Once you find the line with "Petshop Flyer Bundle" in the entries below, print it and each line after it up to and including the line with "Guillherme Hoarau Alex", exactly, without pictures.

-- LISTED ENTRIES --
● ● ● ● ● ● ●

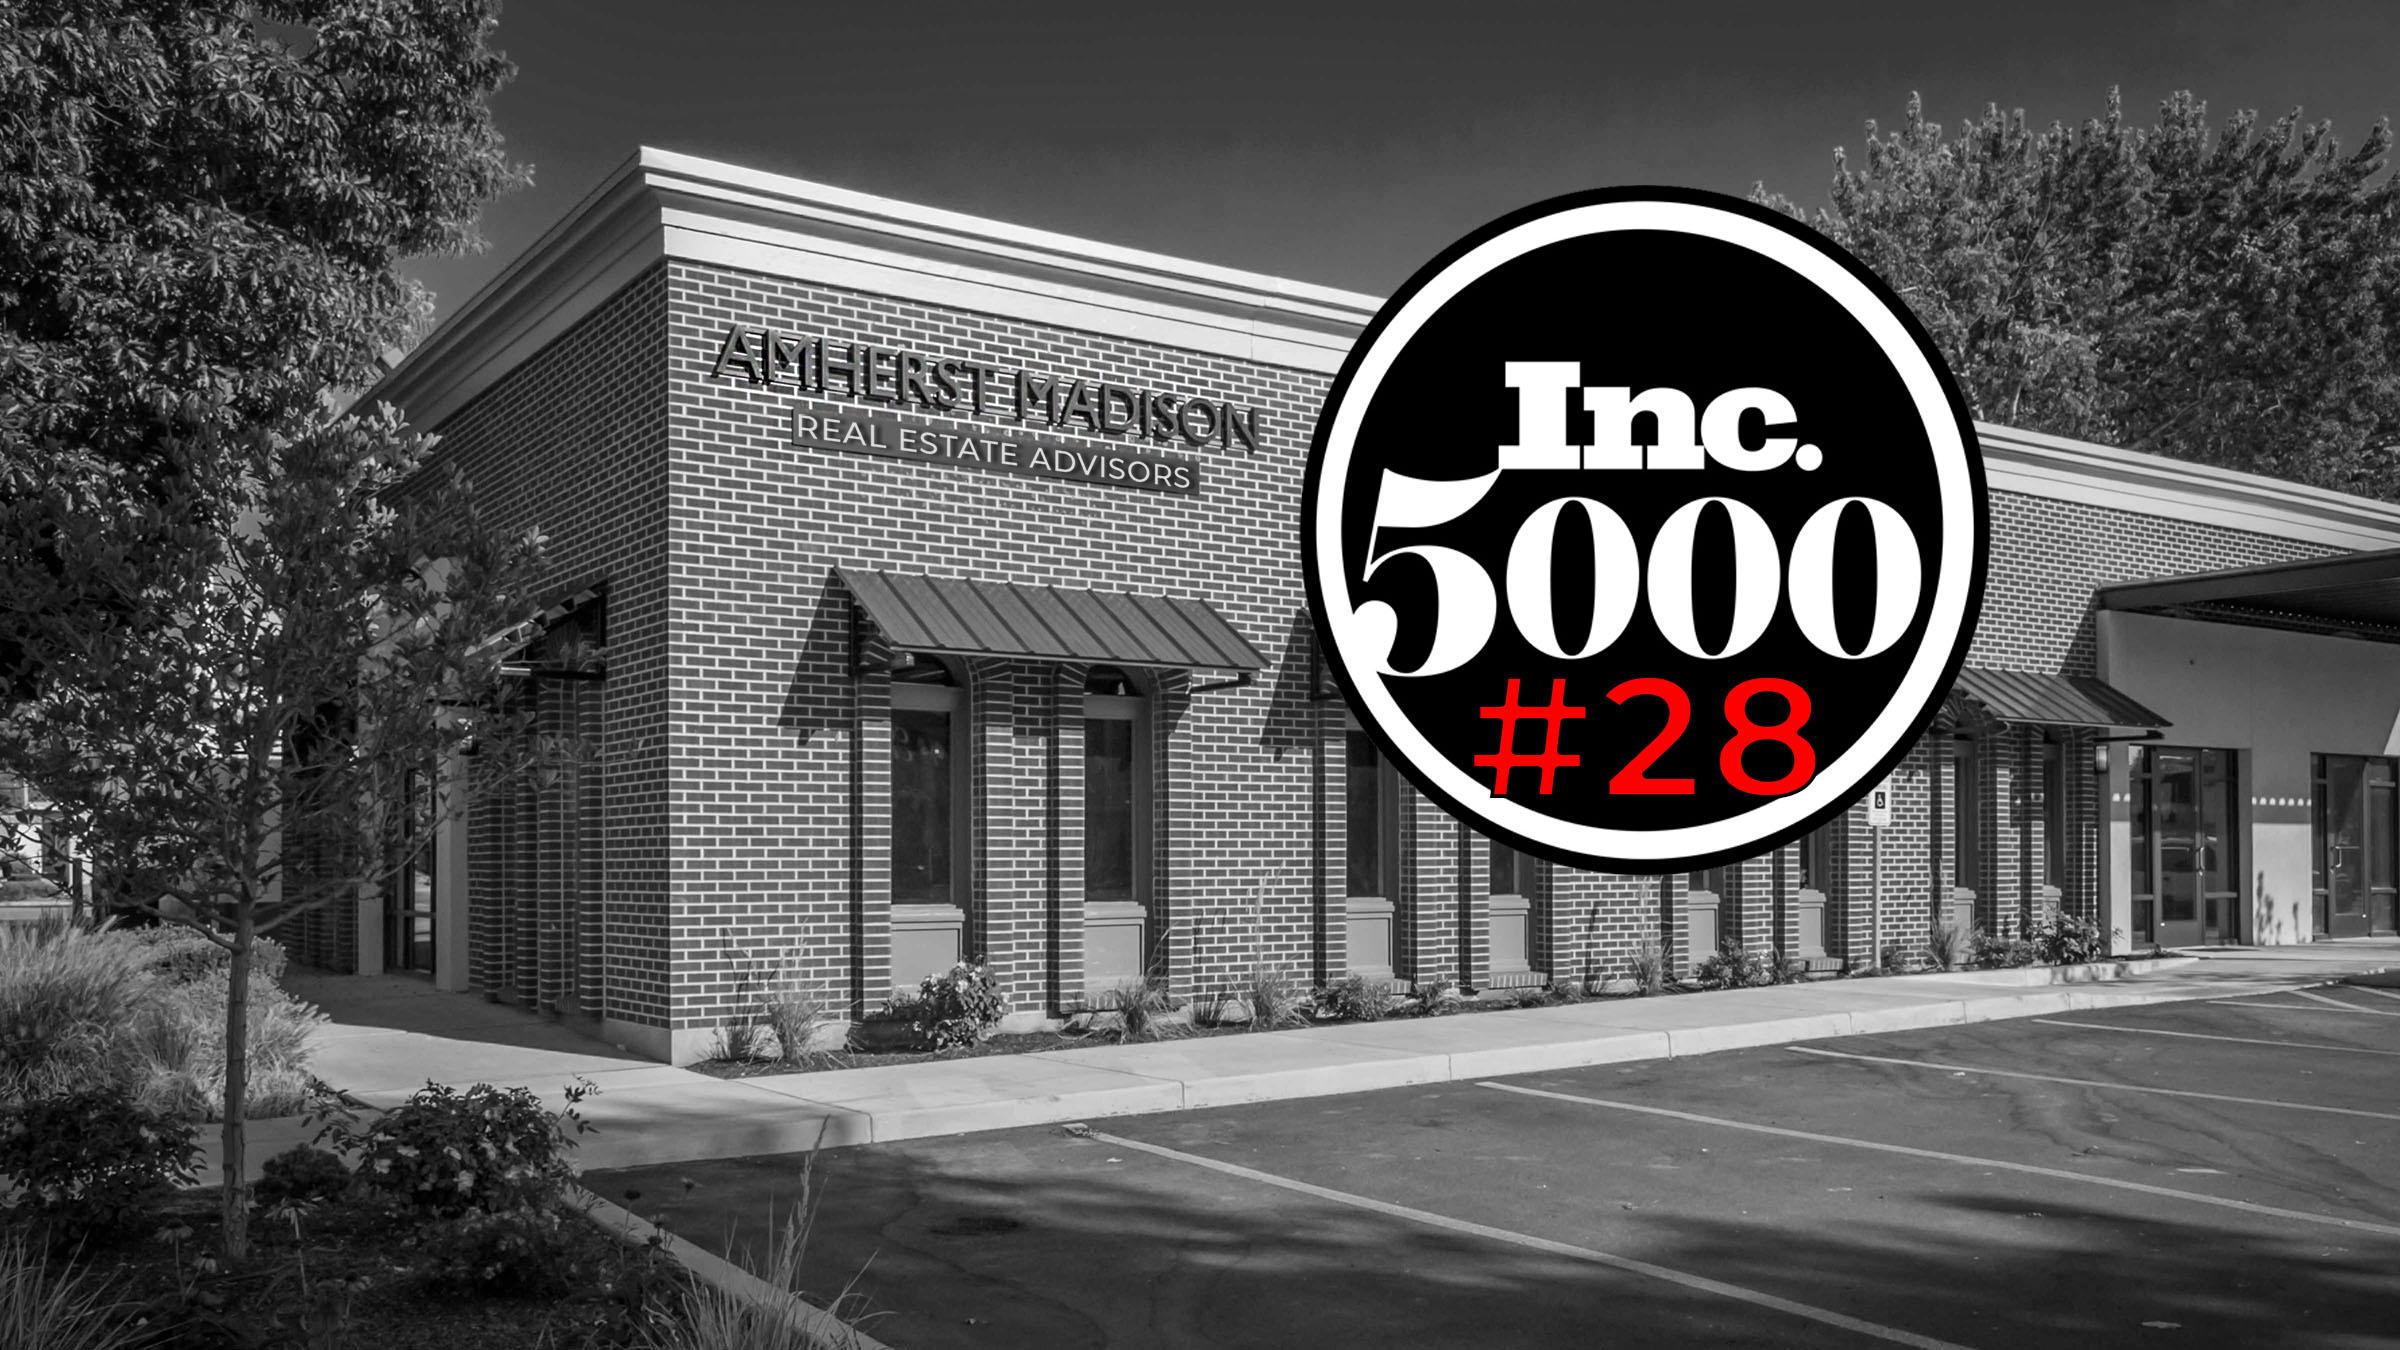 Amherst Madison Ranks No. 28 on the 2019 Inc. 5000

● ● ● ● ● ● ●

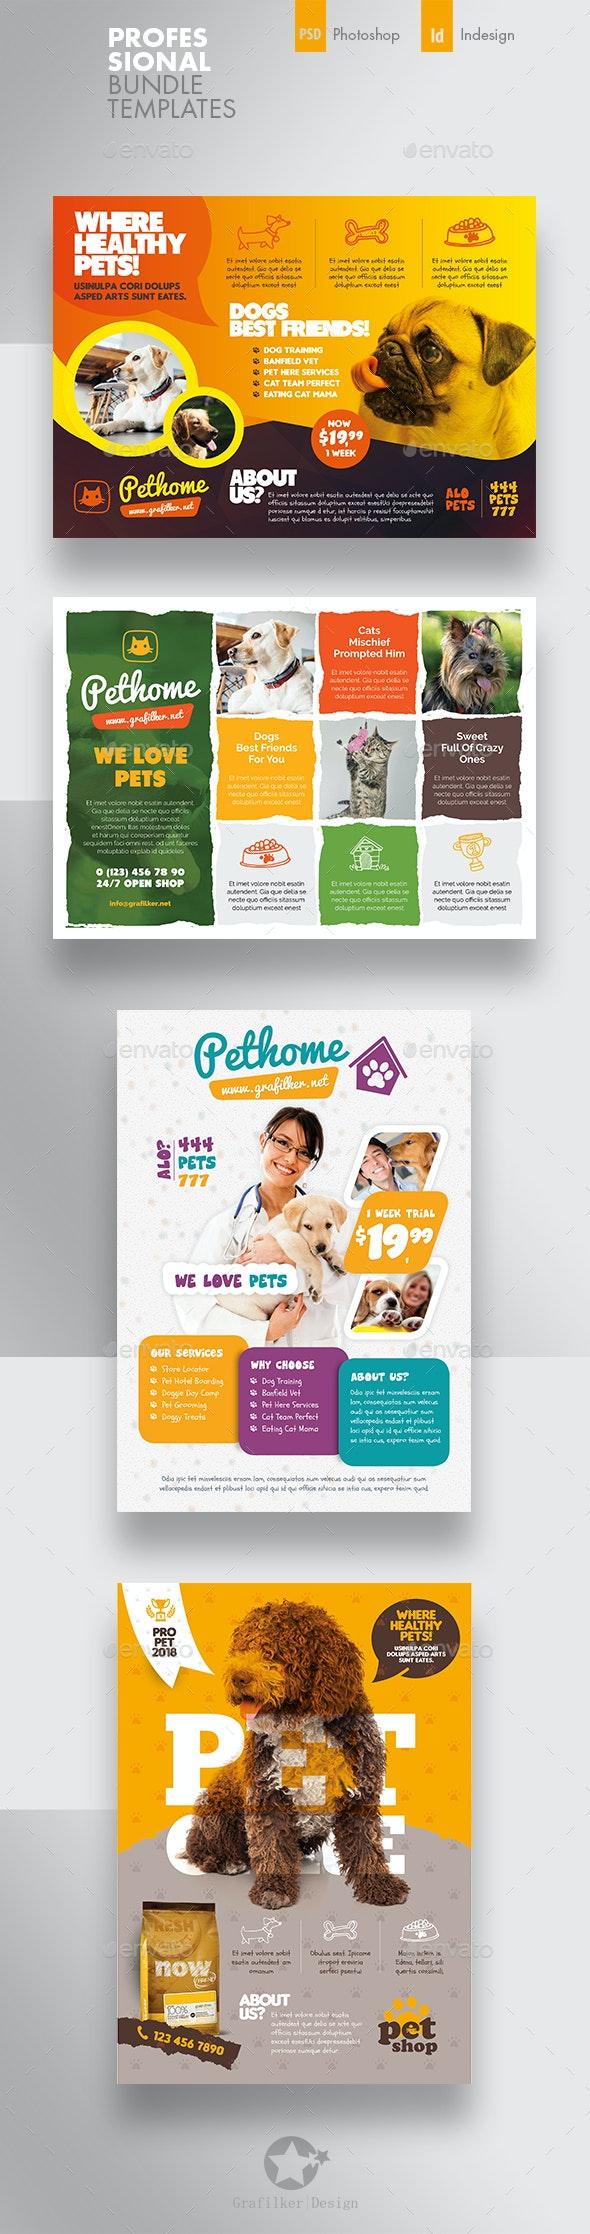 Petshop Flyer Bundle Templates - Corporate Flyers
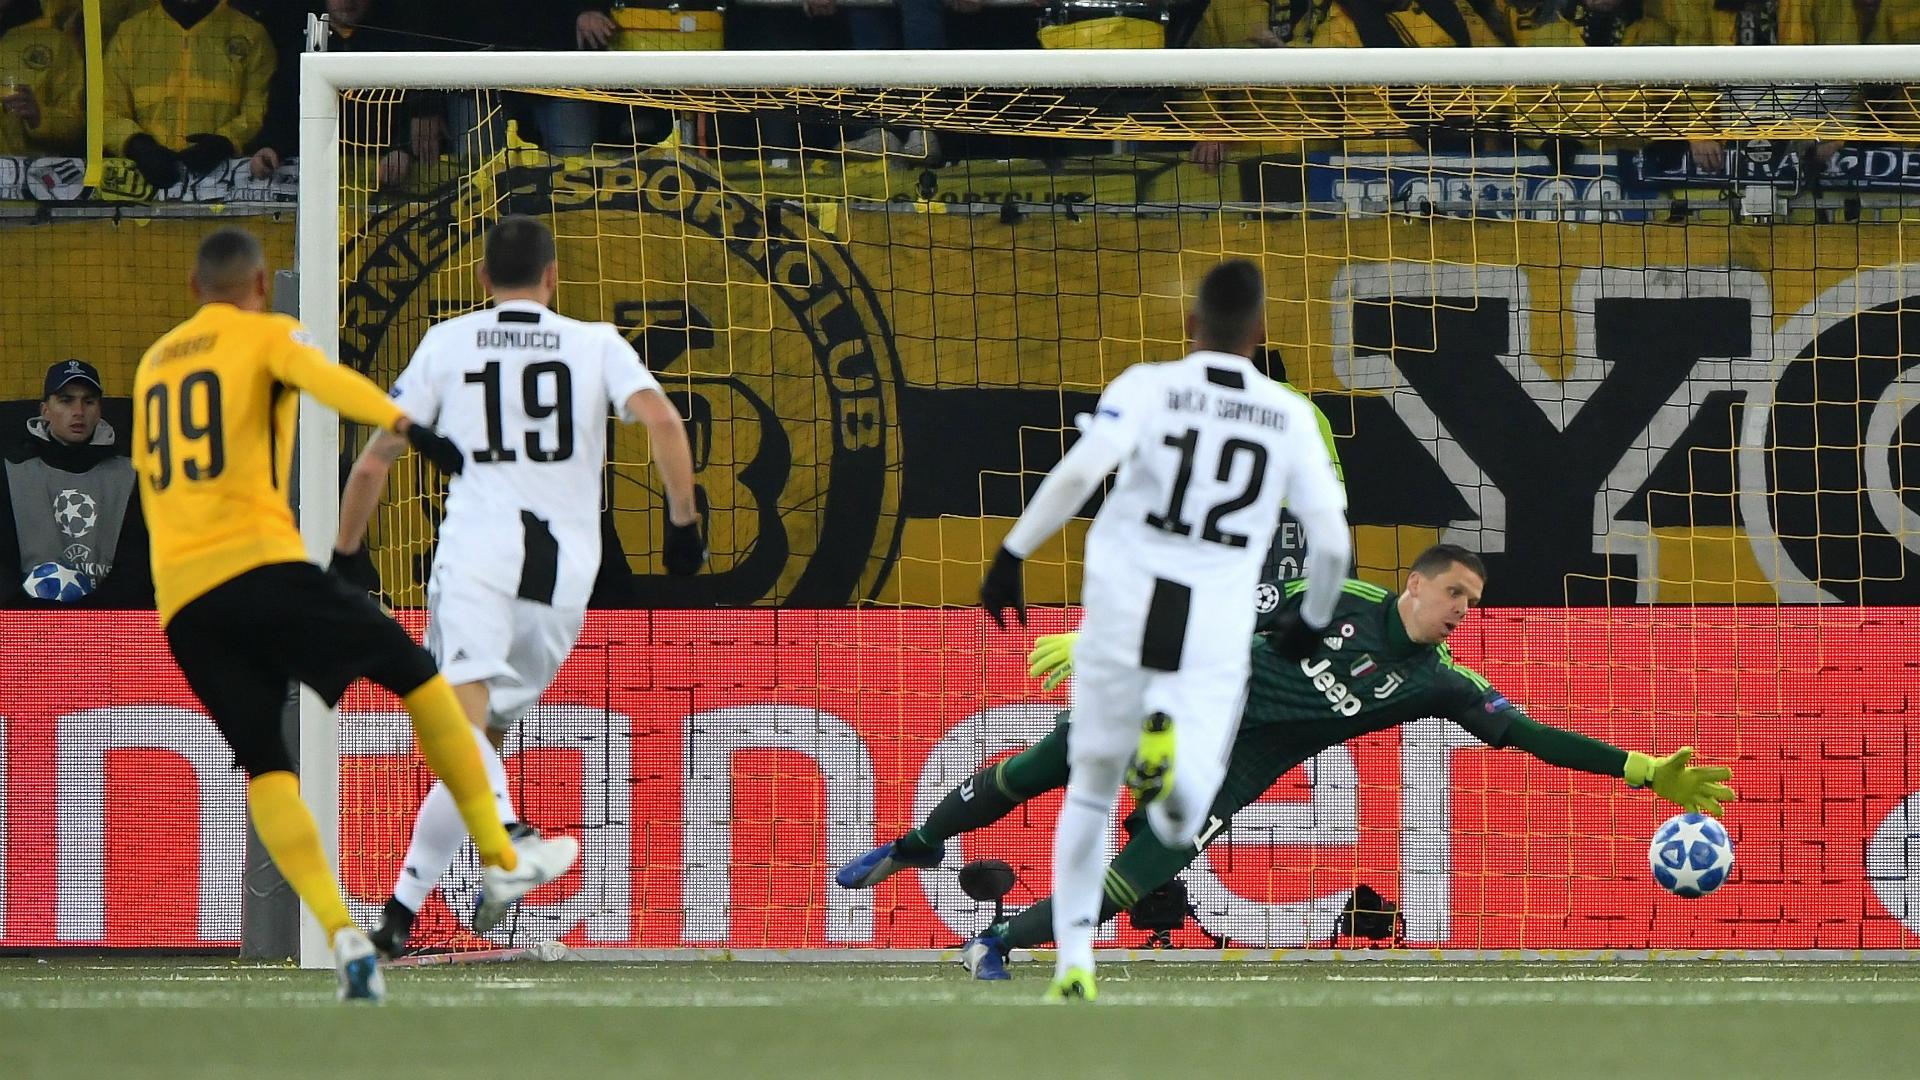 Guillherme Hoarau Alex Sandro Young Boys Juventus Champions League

● ● ● ● ● ● ●

-- SOLUTION TO THIS TASK --
 Petshop Flyer Bundle Templates - Corporate Flyers
 Guillherme Hoarau Alex Sandro Young Boys Juventus Champions League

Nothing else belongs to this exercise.